C. De la ques­tion de la confi­den­tia­lité et des efforts disproportionnés

Le respon­sable du trai­te­ment devra veiller à struc­tu­rer ses rela­tions contrac­tuelles avec les desti­na­taires en tenant compte de cette obli­ga­tion, ce qui pour­rait notam­ment impli­quer l’in­té­gra­tion d’une excep­tion spéci­fique à la clause de confi­den­tia­lité géné­ra­le­ment prévue dans les accords passés avec ceux-ci.

L’on relè­vera dans ce contexte que la CJUE a indi­qué (par. 47) que « le droit à la protec­tion des données à carac­tère person­nel n’est pas un droit absolu », ce qui se traduit, s’agis­sant de la ques­tion qui nous occupe ici, par le constat que :

« le droit d’ac­cès pourra être limité à l’in­for­ma­tion sur les caté­go­ries de desti­na­taires s’il est impos­sible de commu­ni­quer l’iden­tité des desti­na­taires concrets, en parti­cu­lier lorsque ceux-ci ne sont pas encore connus. » (par. 48).

L’illustration four­nie par la CJUE pour expli­ci­ter le concept d’im­pos­si­bi­lité (« [les desti­na­taires] ne sont pas encore connus ») démontre le cadre restric­tif que la Cour donne à cette excep­tion. Nous sommes toute­fois d’avis que d’autres motifs devraient égale­ment permettre de limi­ter la portée de l’obli­ga­tion à charge du respon­sable du traitement.

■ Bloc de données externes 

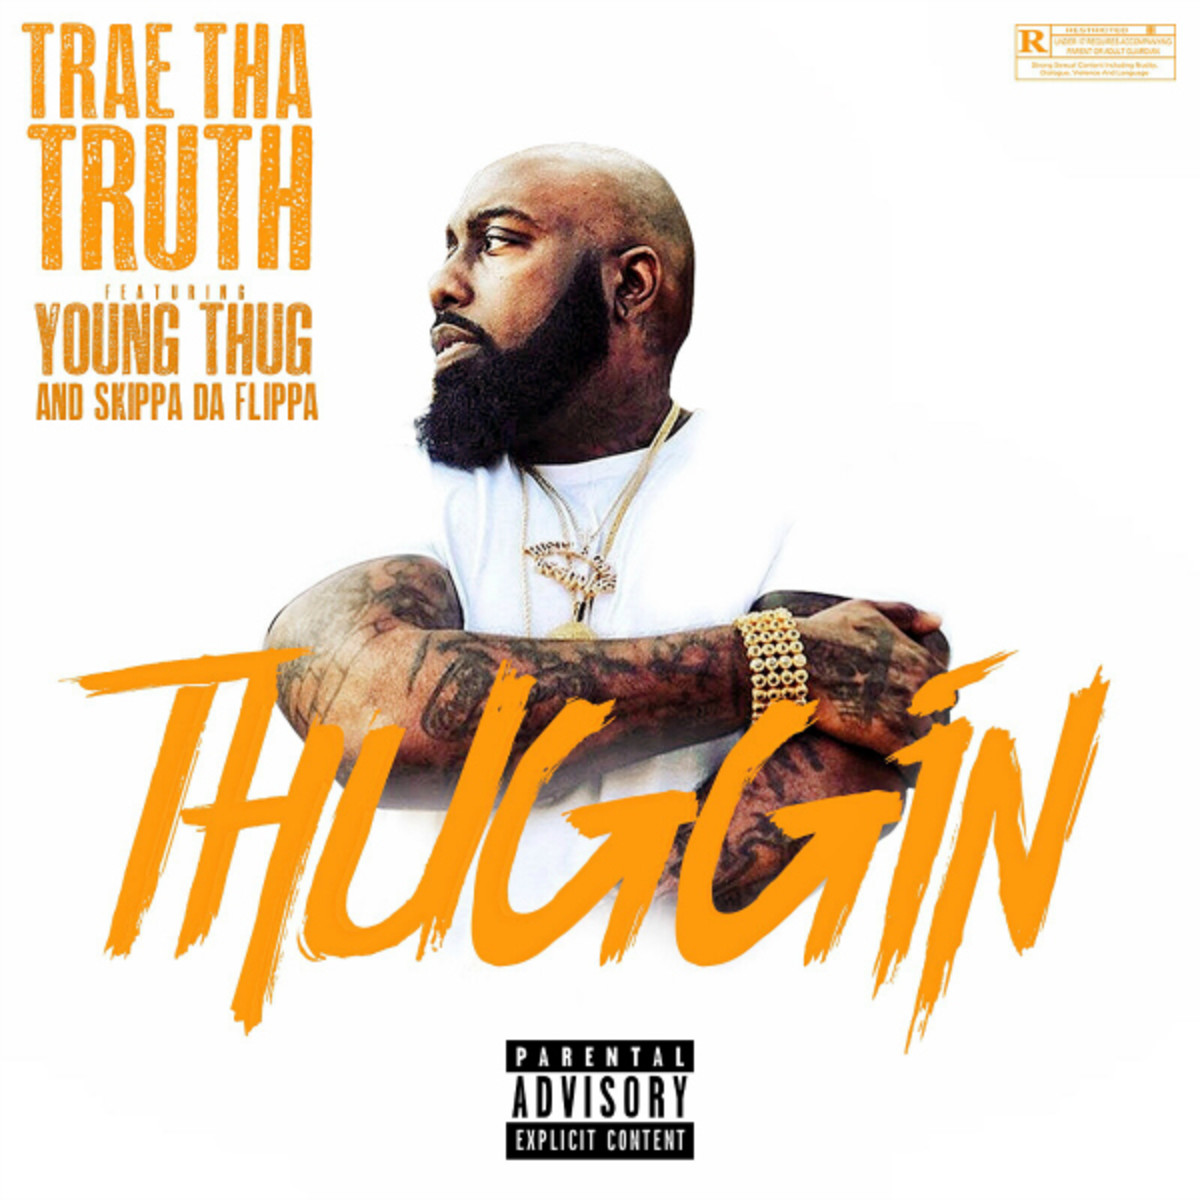 Premiere: Trae tha Truth Grabs Young Thug and Skippa Da Flippa for New Song 
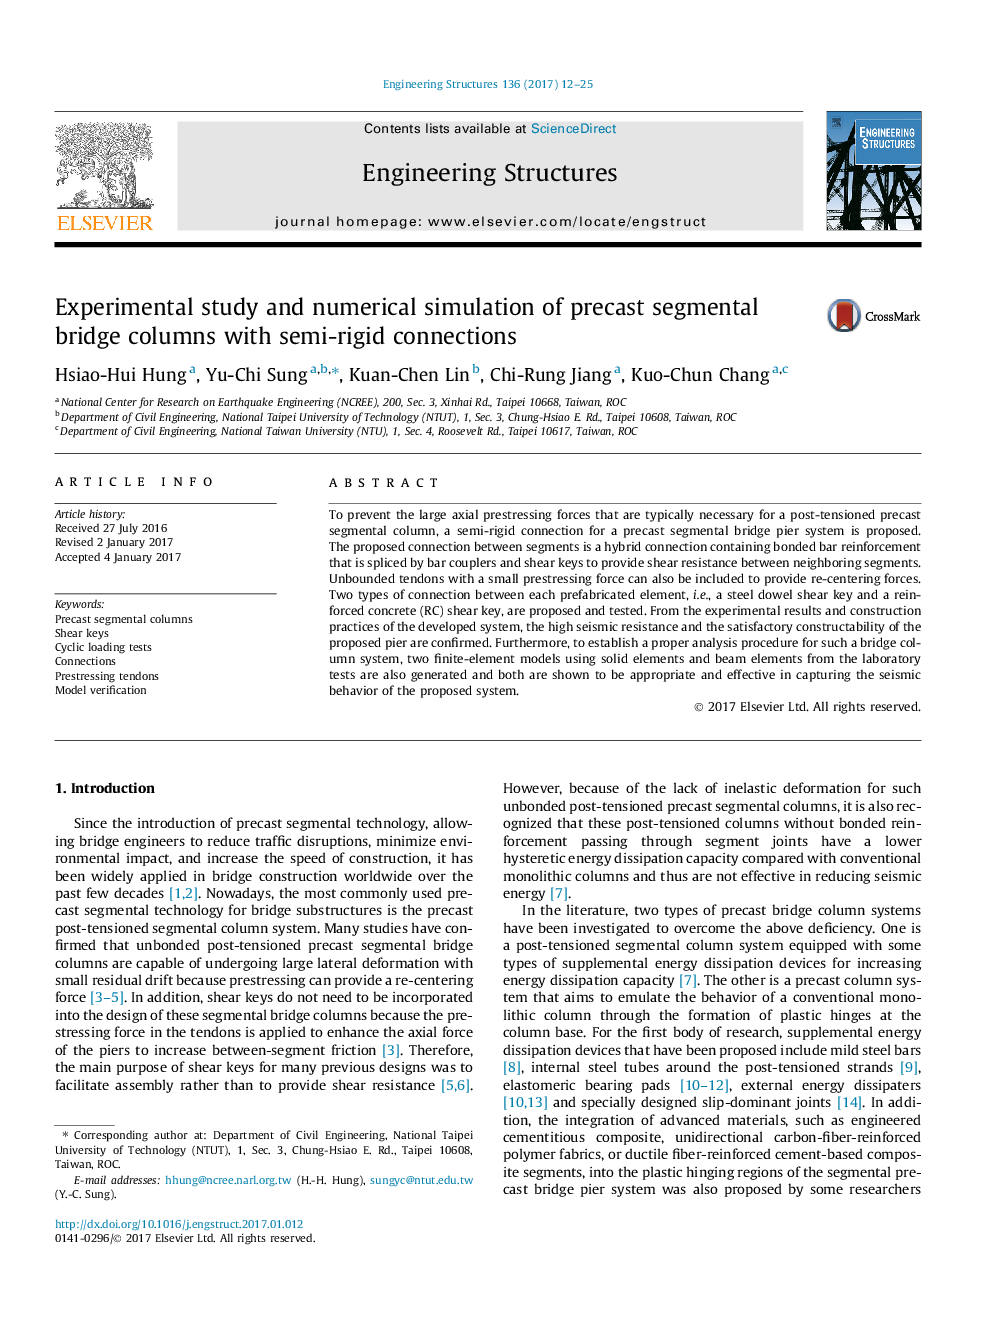 Experimental study and numerical simulation of precast segmental bridge columns with semi-rigid connections

Une obli­ga­tion contrac­tuelle de confi­den­tia­lité conclue avant l’ar­rêt commenté ici ou une obli­ga­tion légale de confi­den­tia­lité devrait égale­ment entraî­ner une limi­ta­tion de cette obli­ga­tion. Il nous semble, à première vue, plus diffi­cile de soute­nir qu’un accord de confi­den­tia­lité conclu posté­rieu­re­ment à la publi­ca­tion de cet arrêt permette de faire échec à une requête d’ac­cès foca­li­sée sur ce point. Il en découle que les respon­sables du trai­te­ment devraient, à notre sens, tenir compte de la juris­pru­dence commen­tée ici dans le cadre des futures négo­cia­tions de contrats de sous-traitance.

Dans ce contexte, il convient égale­ment de garder à l’es­prit que l’art. 12 par. 5 let. b RGPD, qui permet de reje­ter les requêtes qui sont mani­fes­te­ment infon­dées ou exces­sives. Nous rappe­lons à cet égard que le consi­dé­rant 62 prévoit notam­ment, à juste titre, que la commu­ni­ca­tion de l’identité des desti­na­taires ne peut pas être impo­sée au respon­sable du trai­te­ment lorsque celle-ci se révèle impos­sible ou exige­rait des efforts dispro­por­tion­nés. Tel serait le cas lorsqu’il s’agit d’un trai­te­ment à des fins archi­vis­tiques dans l’in­té­rêt public, à des fins de recherche scien­ti­fique ou histo­rique ou à des fins statis­tiques. Dans tous les cas, le nombre de personnes concer­nées (ou dans ce cas précis, le nombre de desti­na­taires), l’ancienneté de la commu­ni­ca­tion ainsi que les garan­ties adop­tées doivent être prises en compte.

III. Conclusion

L’arrêt de la CJUE consti­tue une nouvelle pierre dans le jardin du respon­sable du trai­te­ment et démontre l’im­por­tance de prévoir, au sein de chaque respon­sable du trai­te­ment, des procé­dures internes qui consti­tuent le pendant des droits que les nouvelles règles de protec­tion des données (et leur inter­pré­ta­tion par la juris­pru­dence et les auto­ri­tés de contrôle) accordent aux personnes concer­nées. Dans le cas d’es­pèce, l’obli­ga­tion de trans­pa­rence a un impact sur les desti­na­taires, ce qui implique qu’elle doit être reflé­tée dans les contrats conclus avec ces derniers.

Aux respon­sables du trai­te­ment suisses d’en tenir égale­ment compte dans le cadre des travaux de mise en œuvre de la nLPD qui sont en cours.